Using an Abstract Dataloader¶
A fully implemented Abstract Dataloader (ADL) compliant system should consist of a collection of modular components implementing sensor data reading, time synchronization, trace & dataset handling, followed by data preprocessing.
In this tutorial, we cover how to use these components if you are given implementations for some or all of them; we split this into data loading and processing, which are connected only by a trivial interface — the output of the Dataset should be the input of the Pipeline.
Dataset¶
At a minimum, any ADL-compliant dataloader should include one or more Sensor implementations. These may be accompanied by custom Synchronization, Trace, and Dataset implementations.
Sensor¶
Sensors must implementing the Sensor specification:
- Sensors have a
metadata: spec.Metadataattribute, which contains atimestamps: Float64[np.ndarray, "N"]attribute. - Each sensor has a
__getitem__which can be used to read data by index, and a__len__.
Warning
The ADL does not prescribe a standardized API for initializing a Sensor since this is highly implementation-specific.
Trace¶
Once you have initialized a collection of sensors which all correspond to simultaneously-recorded sensor data, assemble them into a Trace:
Traceimplementations supplied by an ADL-compliant dataloader may have their own initialization methods.- A trace has a
__getitem__which reads data from each sensor corresponding to some global index assigned by aSynchronizationpolicy, and a__len__.

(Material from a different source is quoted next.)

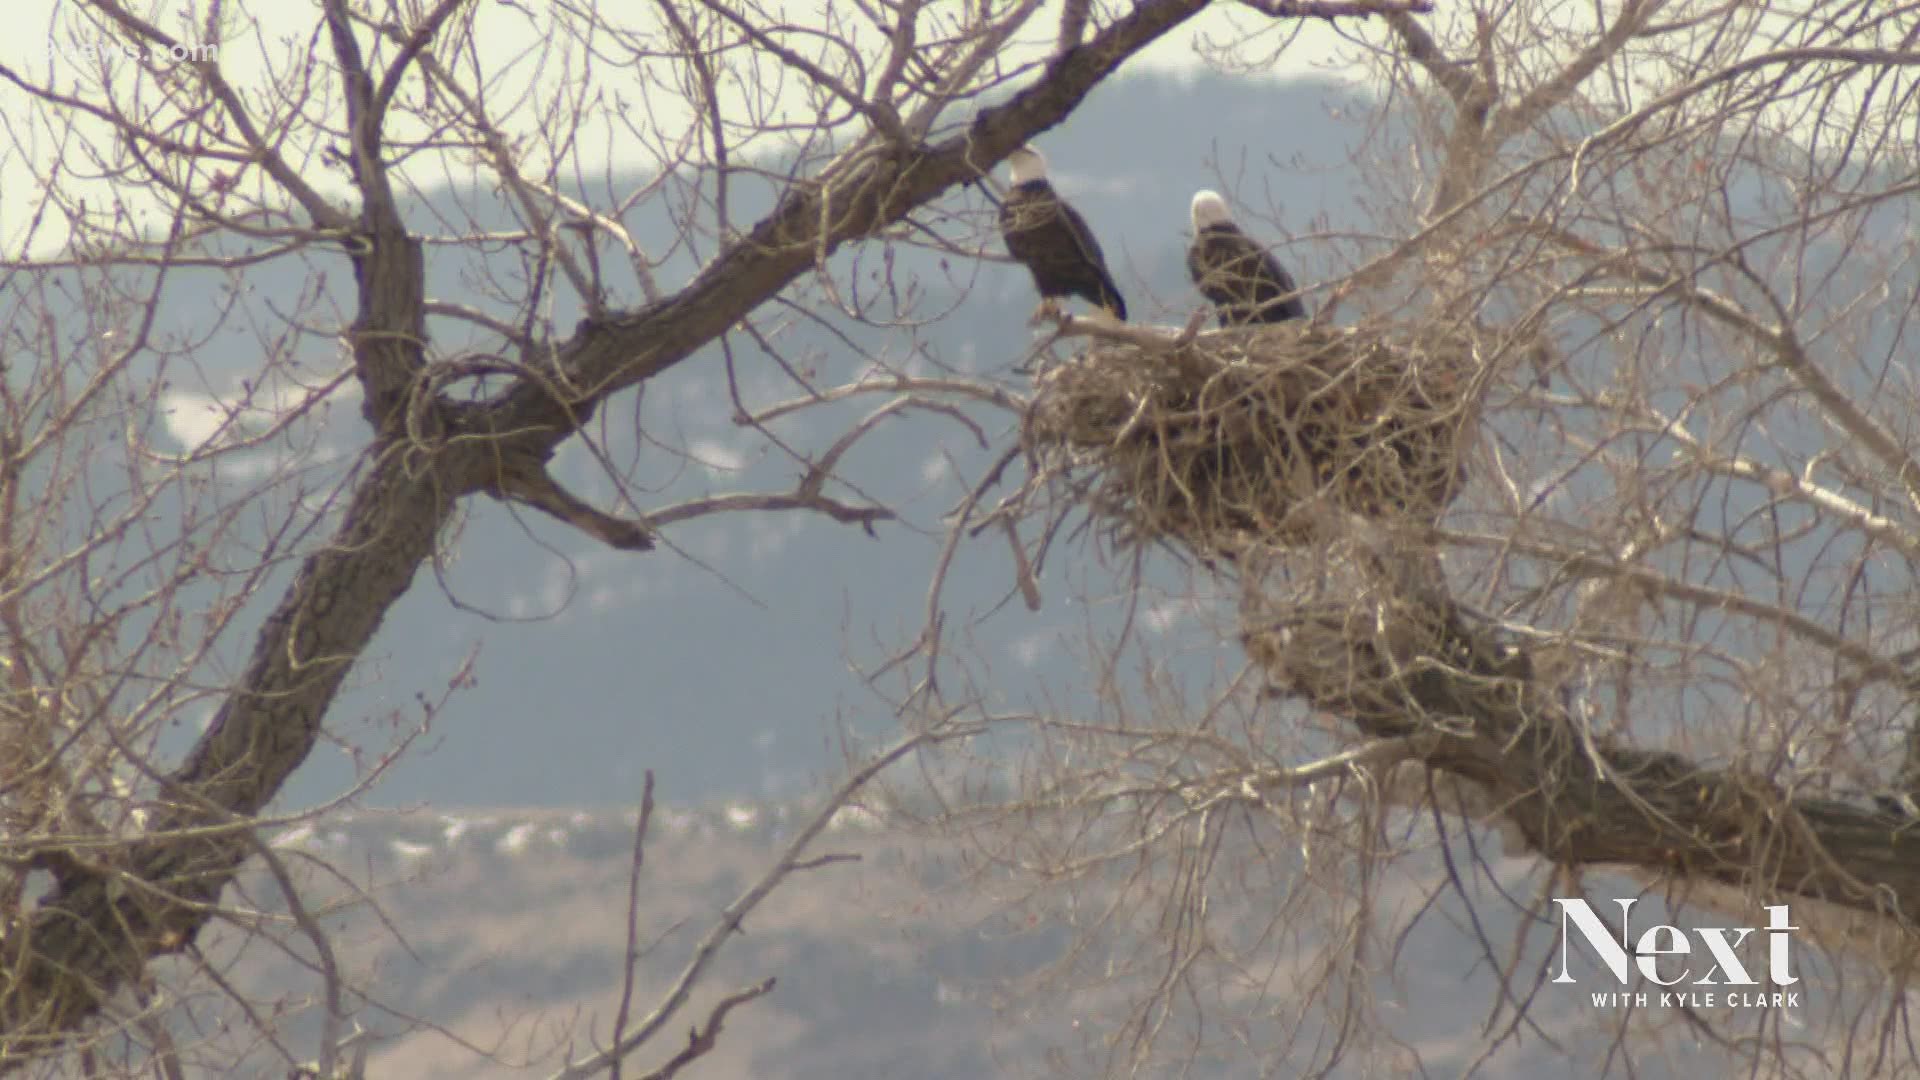 There's an update to the baby momma drama (of the feathered variety) in Standley Lake. Two updates, actually. The couple has two eggs in the nest.

In the case that a data loading library does not provide a custom Trace implementation, abstract_dataloader.abstract.Trace can be used instead as a simple, no-frills baseline implementation.
Info
A Trace implementation should take (and abstract.Trace does take) a Synchronization policy as an argument. While a particular ADL-compliant dataloader implementation may provide custom Synchronization policies, a few generic implementations are included with abstract_dataloader.generic:
| Class | Description |
|---|---|
Empty |
a no-op for intializing a trace without any synchronization (i.e., just as a container of sensors). |
Nearest |
find the nearest measurement for each sensor relative to the reference sensor's measurements. |
Next |
find the next measurement for each sensor relative to the reference sensor's measurements. |
Dataset¶
Finally, once a collection of Trace objects are initialized, combine them into a Dataset.
- As with
Trace,Datasetimplementations supplied by an ADL-compliant dataloader may have their own initialization methods. - Similarly, datasets have a
__getitem__which reads data from each sensor and a__len__.
In the case that a data loading library does not provide a custom Dataset implementation, abstract_dataloader.abstract.Dataset can also be used instead.
Tip
If your use case does not require combining multiple traces into a dataset, you can directly use a Trace as a Dataset: the Trace protocol subclasses the Dataset protocol, in that all required interfaces are a subset of the Dataset interfaces.
Pipeline¶
Dataloaders may or may not come with data a preprocessing Pipeline which you are expected to use. Since data loaders (Dataset) and processing pipelines (Pipeline) are modular and freely composable assuming they share the same data types, it's also possible that a pipeline is distributed separately from the data loader(s) which it is compatible with.
Use Out-of-the Box¶
If a library comes with a complete, ready-to-use Pipeline, then all that remains is to apply the pipeline:
def apply_pipeline(indices: Sequence[int], dataset: Dataset, pipeline: Pipeline):
raw = [dataset[i] for i in indices]
transformed = [pipeline.sample(x) for x in raw]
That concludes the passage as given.